Technical measures here, like requiring models to use immutable weights that are digitally signed prevent this. You would use dedicated ASICs to check the digital signature vs a hardcoded public key and a mirror IC for the private signing, similar to current dedicated crypto ICs. This ASIC controls the power pins to the GPU/TPUs, it cannot get power if the model isn’t signed. Another strong target for control that is theoretically unbreakable regardless of capabilities. Note this architecture is in common use, the industry term is a ‘boot micro’ is what checks OS image signatures and authorizes power.

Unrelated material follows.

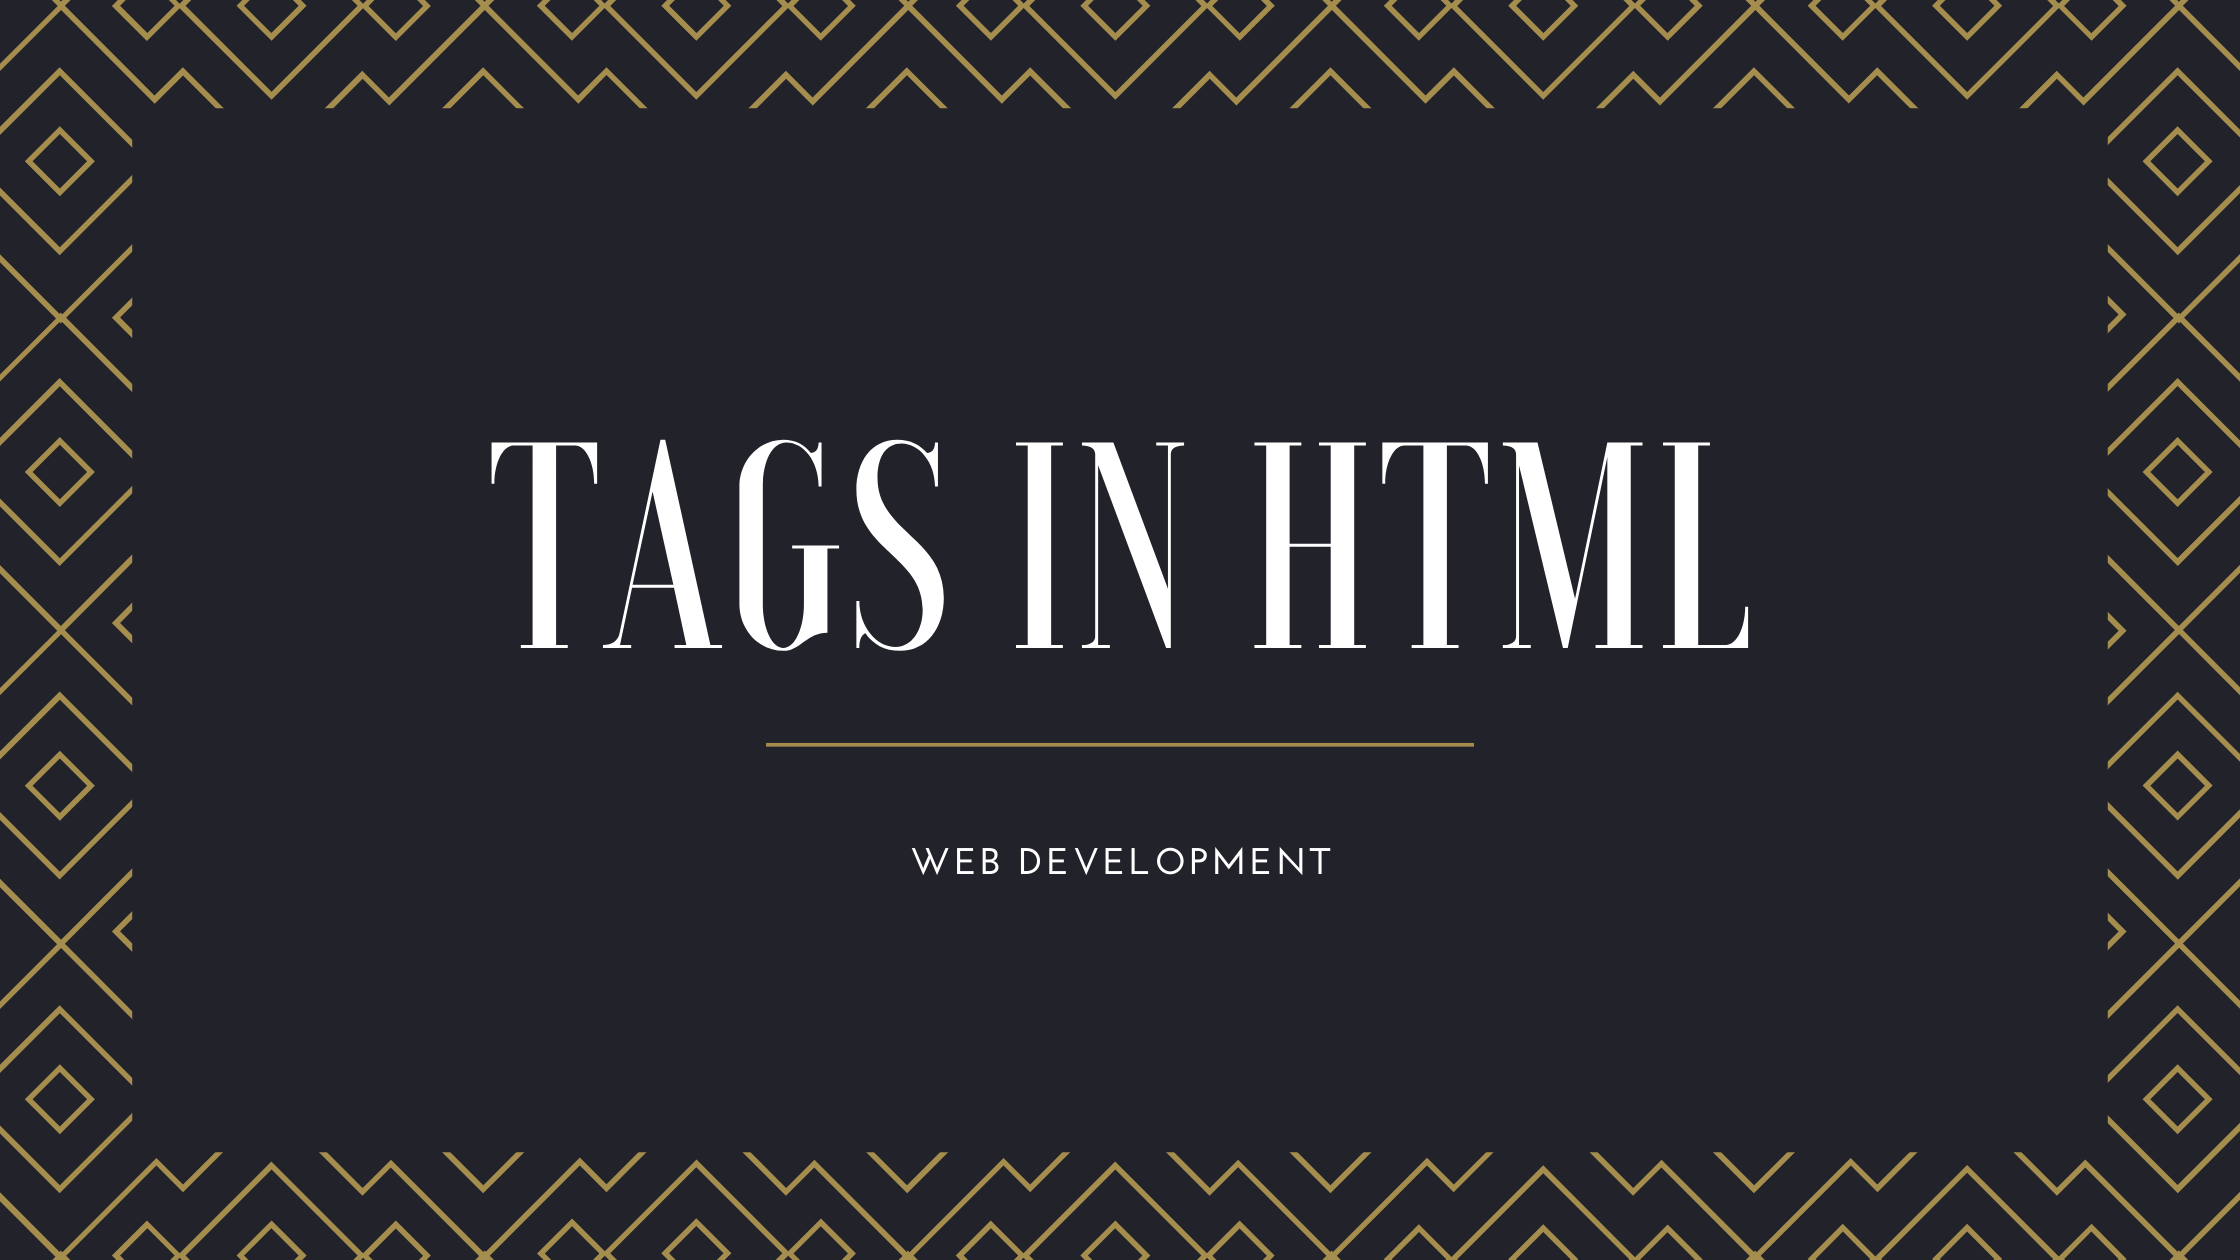 You are currently viewing Tags in HTML | Web Development
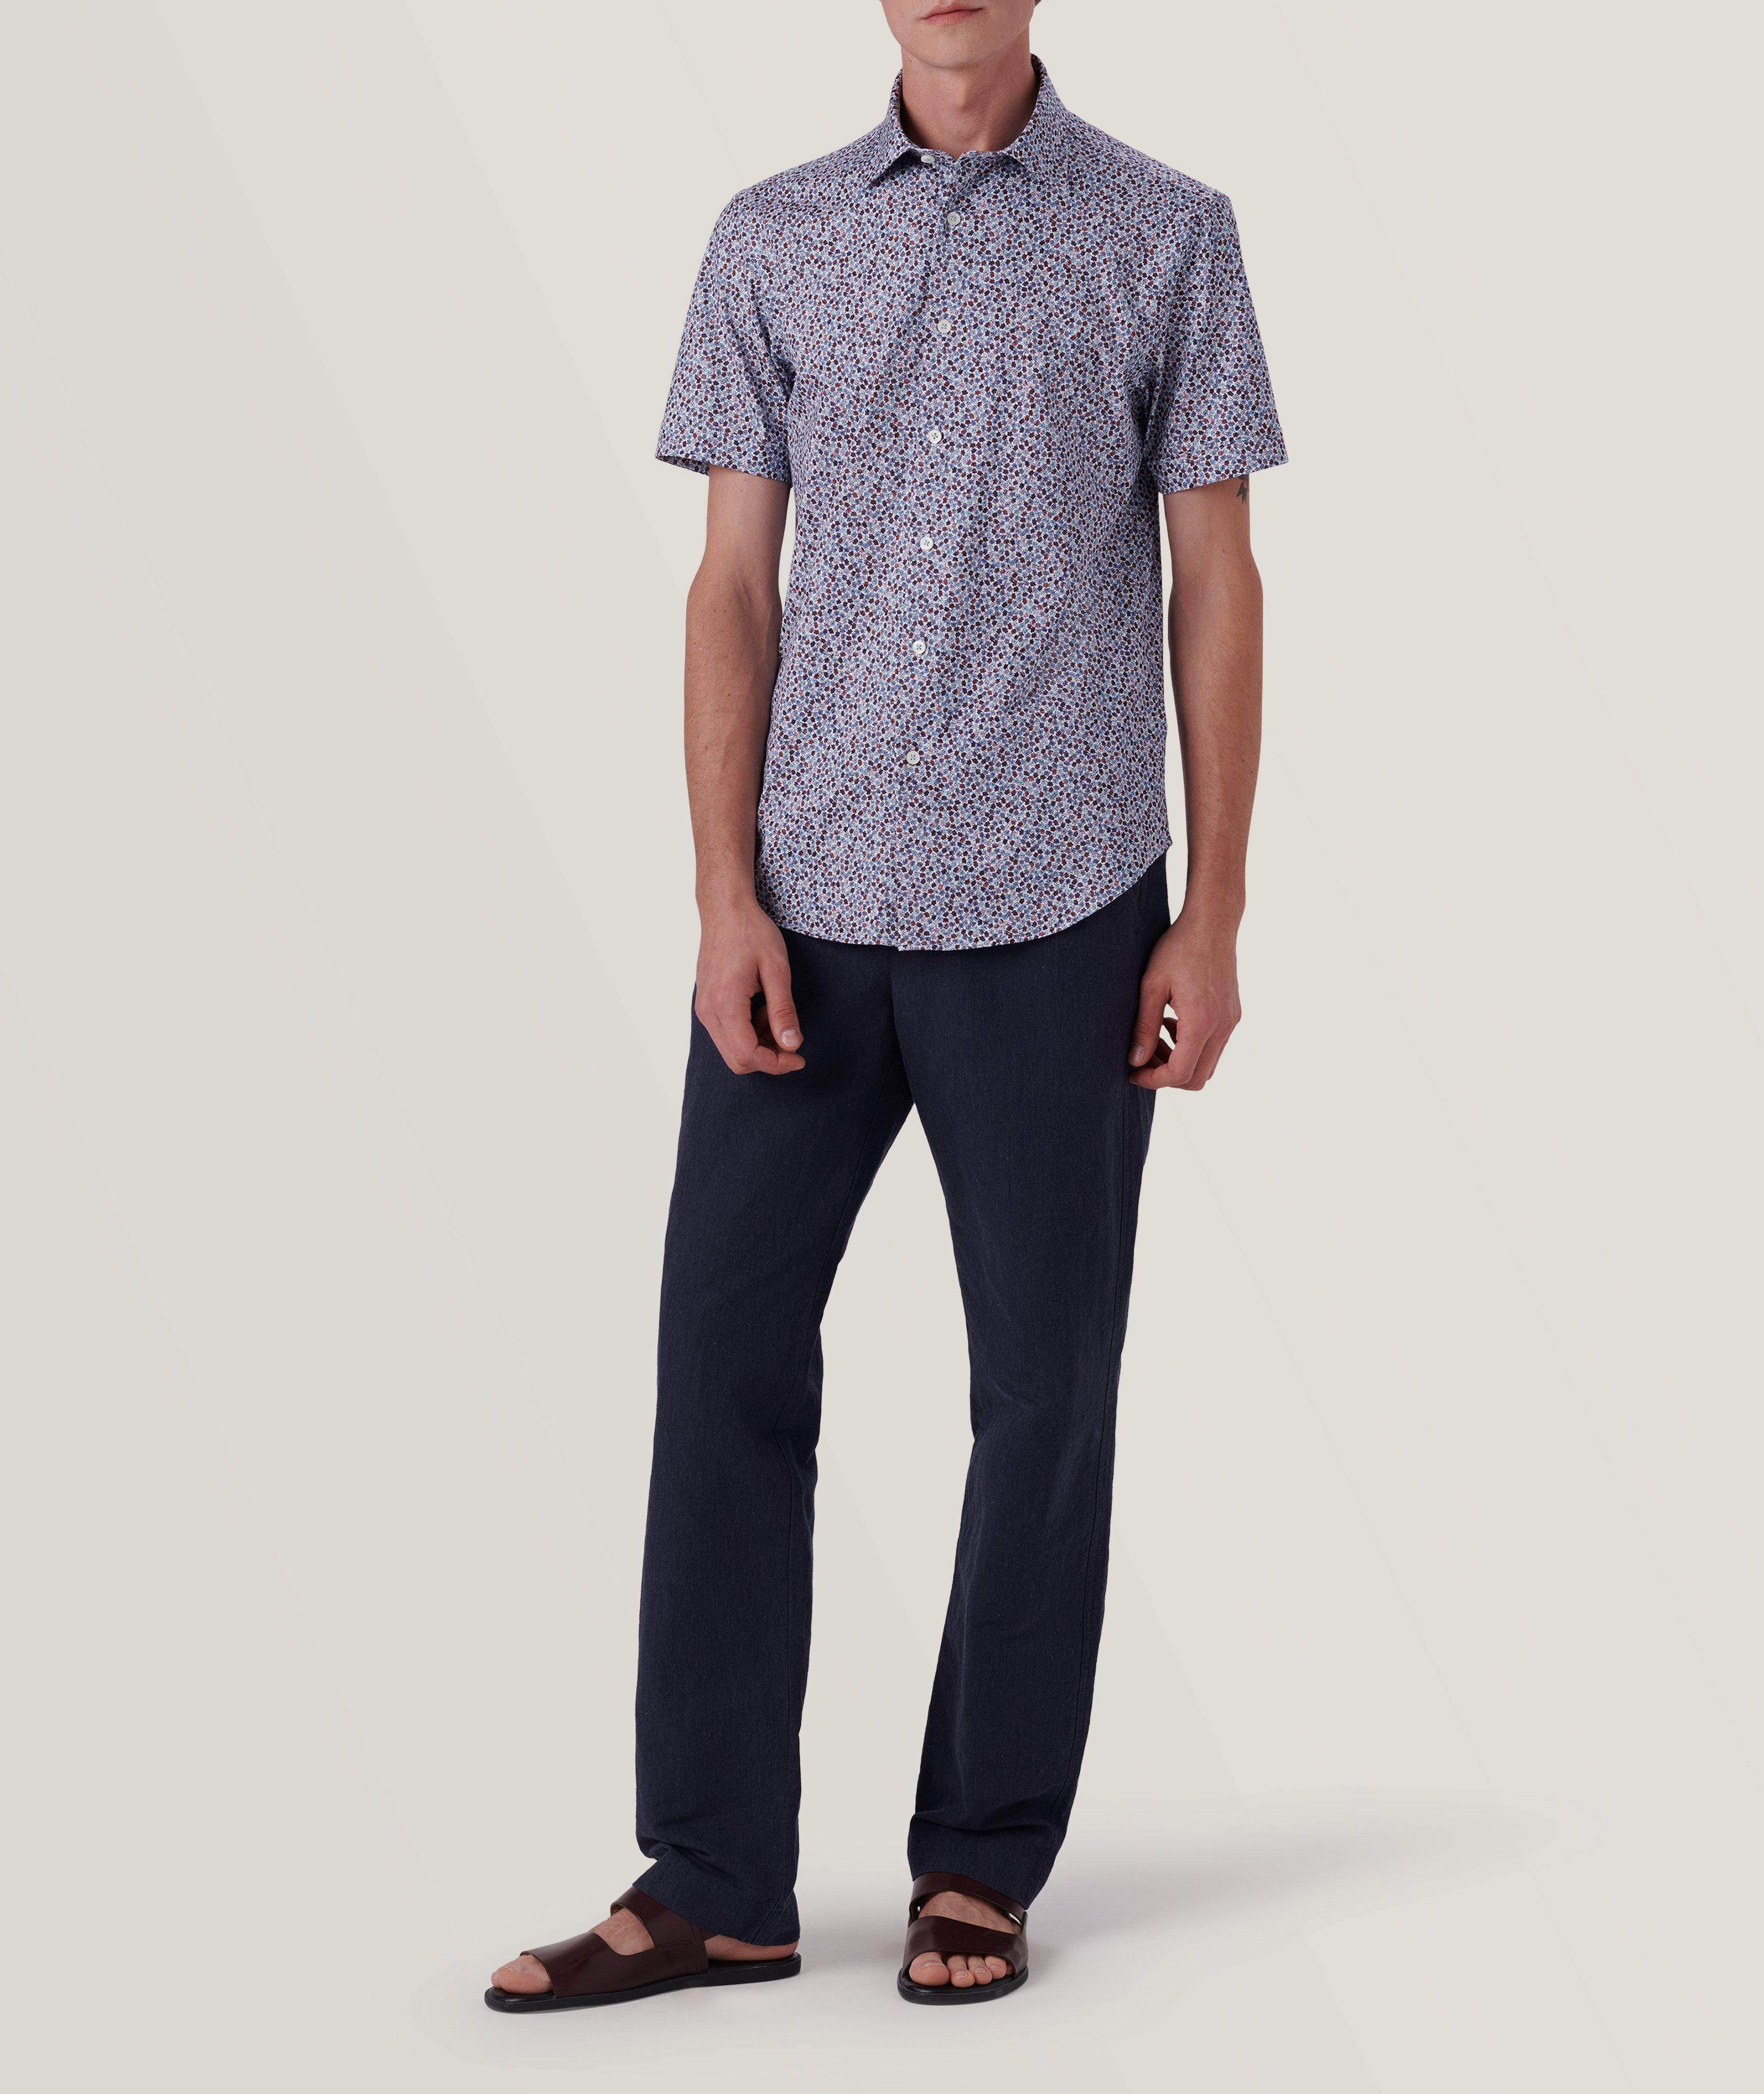 Miles Floral OoohCotton Sport Shirt image 5

This is a weaker argument. A SOTA AI model is a natural monopoly. It costs billions of dollars now, and presumably eventually trillions. Right now, “a big transformer network + a bunch of secret tricks” is simple enough to be replicated, but stronger models will probably start to resemble a spaghetti mess of many neural networks and functional software blocks. And the best model has inherent economic value—why pay for a license to anything but? Just distill it to the scale of the problems you have and use the distilled model, also distilled models presumably will use a “system N” topology, where the system 0 calls system 1 if it’s uncertain*, system 1 calls 2 if it’s uncertain, and so on until the Nth system is a superintelligence hosted in a large cluster that is expensive to query, but rarely needs to be queried for most tasks.
*uncertain about the anticipated EV distribution of actions given the current input state or poor predicted EV
This is not control, this is just giving up. You cannot have a system of legal rights when some of the citizens are inherently superior by an absurd margin.
It depends on the resource ratio. If AI control mechanisms all work, the underlying technology still makes runaway advantages possible via exponential growth. For example, if one power bloc were able to double their resources every 2 years, and they started as a superpower on par with the USA and EU, then after 2 years they are now at parity with (USA + EU). The “loser” sides in this conflict could be a couple years late to AGI from excessive regulations, and lose a doubling cycle. Then they might be slow to authorize the vast amounts of land usage and temporary environmental pollution that a total war effort for the planet would look like, wasting a few cycles on slow government approvals while the winning side just throws away all the rules.
Nuclear weapons are an asymmetric weapon, as in it costs far more weapons to stop a single ICBM than the cost of a missile. There are also structural vulnerabilities in modern civilizations where specialized have to be crammed into a small geographic area.
Both limits go away with AGI for reasons I believe you, Matt, are smart enough to infer. So once a particular faction reaches some advantage ratio in resources, perhaps 10-100 times the rest of the planet, they can simply conquer the planet and eliminate everyone else as a competitor.
This is probably the ultimate outcome. I think the difference between my view and Eliezer’s is that I am imagining a power bloc, a world superpower, doing this using hundreds of millions of humans and many billions of robots, while Eliezer is imagining this insanely capable machine that started in a garage after escaping to the internet accomplishing this.